Some children are treated like pawns in the game of their primary caretaker’s own lives. They experience an inner vacuum because they are not in the position to develop a natural, healthy sense of who they are. This inner Black Hole is experienced as terrifying.

Because no man can live with an inner vacuum as a guideline, nature guides these children to seek ways to fill the black hole and consider it their beacon in life. By trial and error, the child learns that some ways of behaving bring approval vibes, and some don’t. This approval makes him or her “Feel-good-about-self”, which is as close to feeling real as she ever experiences. The state of “Feeling-good-about-self” now becomes a sought-for emotional state of safety, that functions as a Substitute SoS.

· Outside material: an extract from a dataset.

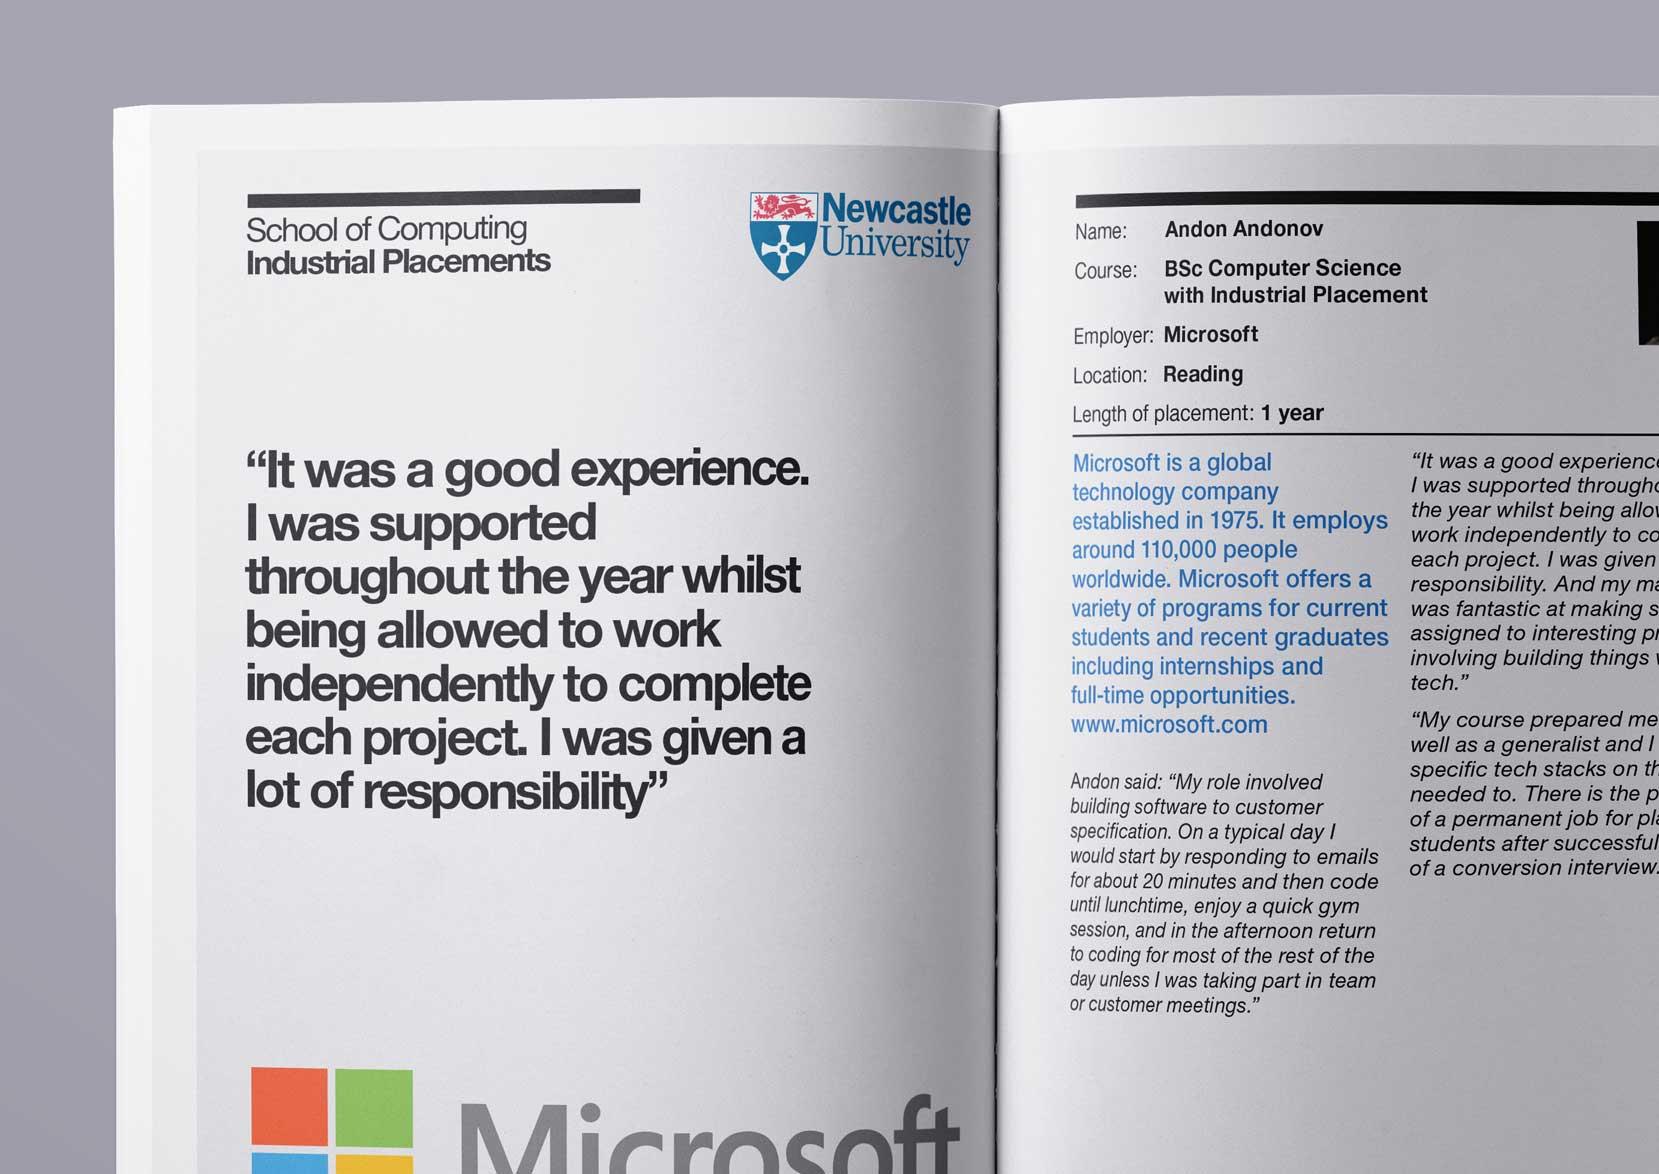 Newcastle_University_Computer_Science1_richardbudddesign.jpg
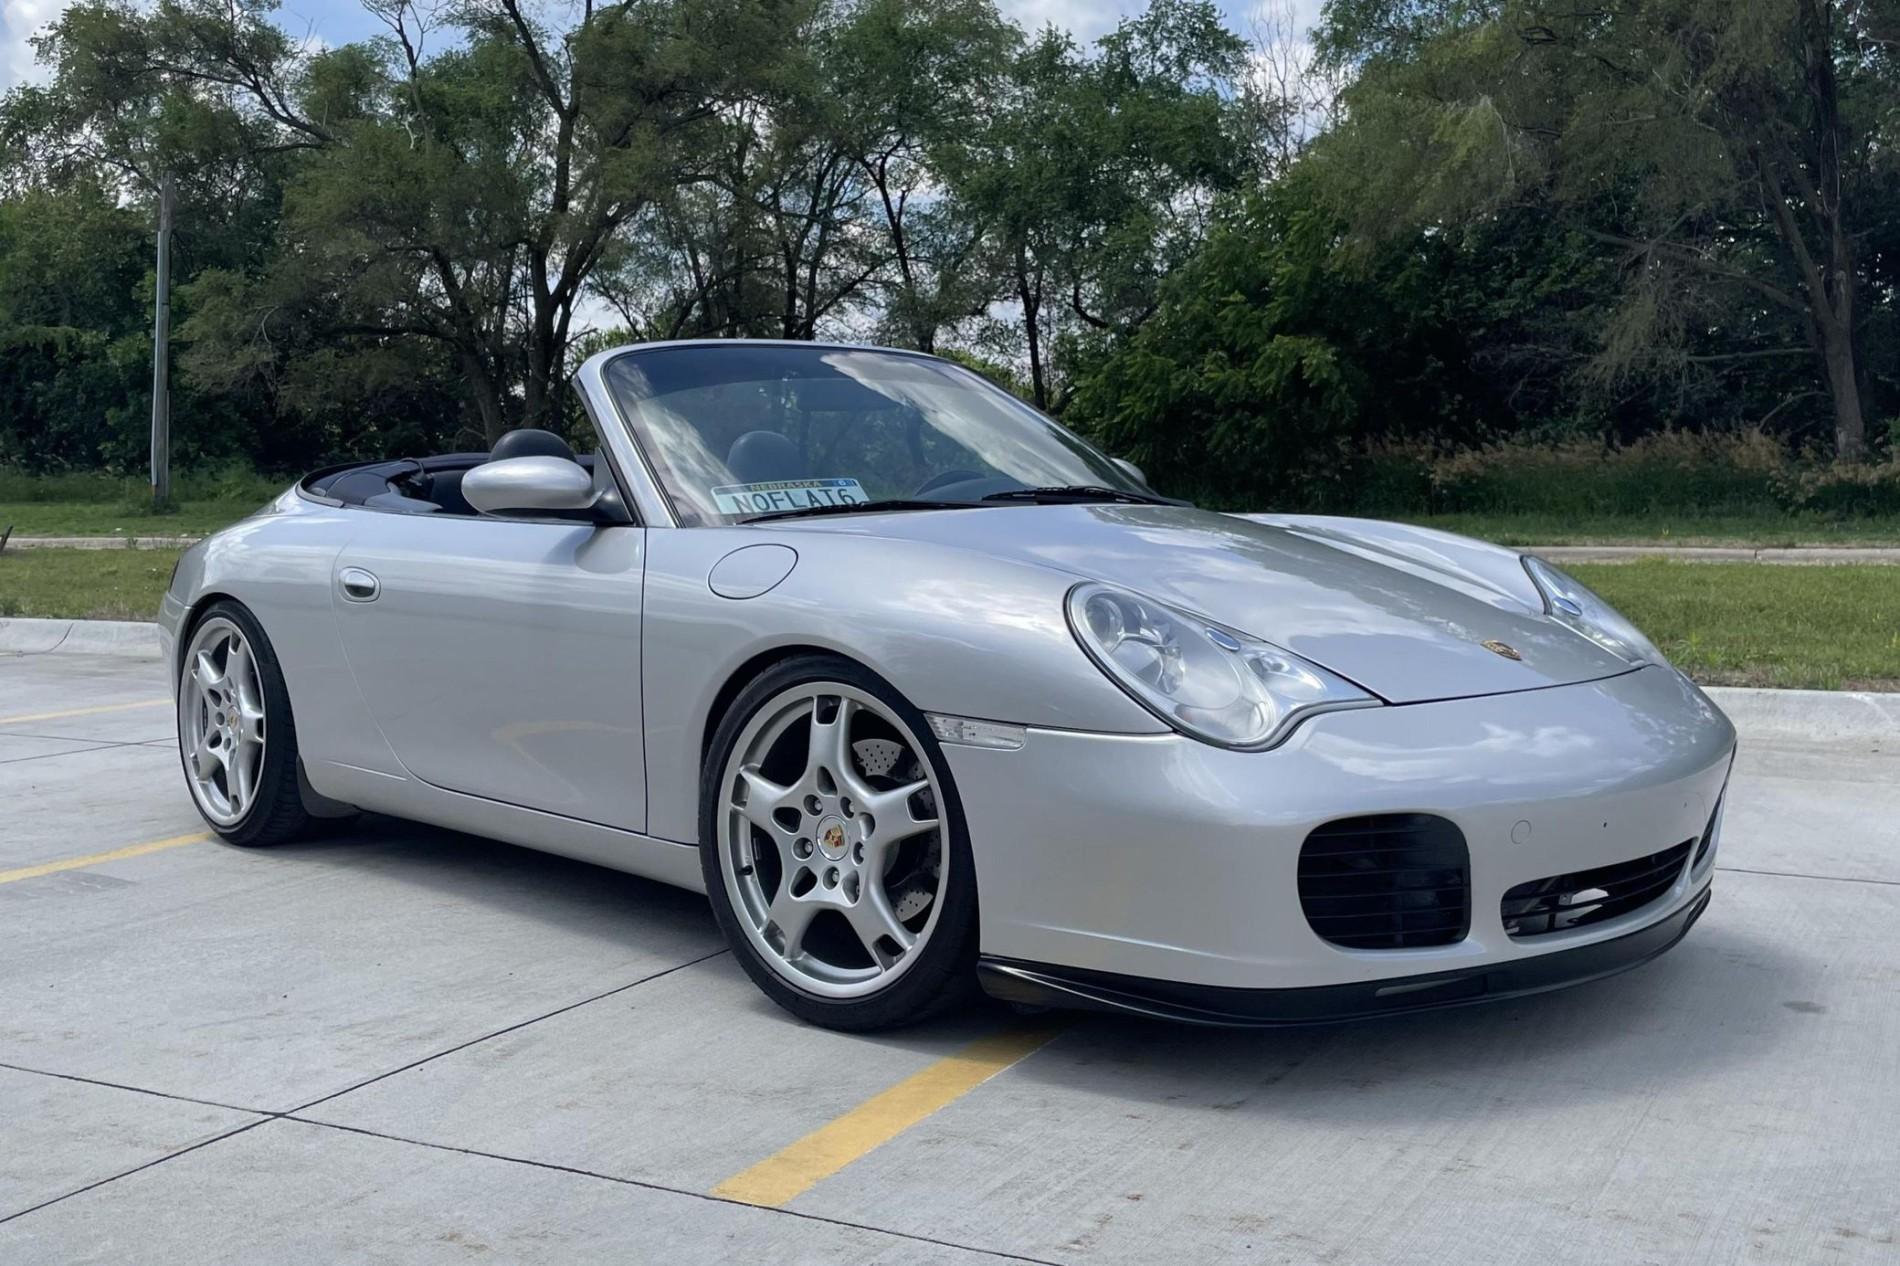 Porsche 911 Carrera cu motor V8 - Porsche 911 Carrera cu motor V8

No wonder that getting the approval feels like a matter of life or death, because of the terror of the lurking black hole (compare: Fear of Annihilation).

As the child grow up he or she starts to behave in ways that lead to approval deliberately and more frequently. This “trying harder” has a desperate, compulsive character. Getting approval vibes from the primary caretaker becomes an unhealthy substitute for an abiding sense of being real and having a right to exist as who she naturally is, without having to conform to someone else’s needs and desires.

Overtime, the child subconsciously adopts strategies to be more successful in reaching that state of “Feeling-good-about-herself”. Her motivations for doing or avoiding things are no longer geared toward achieving any normal, well-defined goal, but they are at service to another goal, the Substitute SoS-oriented goal.

Initially that goal is to try to get their parent/caregiver’s acknowledgment and respect as their own individual person after all, but since her parent is the one who is unable to give that to her, she will end up having to settle for approval anyway.

This is how, a potentially smart way of adjusting her behavior in order to get her needs met, and get approval in lieu of acknowledgement becomes a pathological strategy that is making her dependent on perfect performance and the standards to that are set by the person who needs to be pleased.

These ECSS develop into the individual tactics that this method refers to as Ego-References: required behavior, the need to perform in certain ways, all conditions that must be fulfilled in order to get that craved approval. The strategies further develop, over time, into the entire Substitute Sense of Self-Oriented System.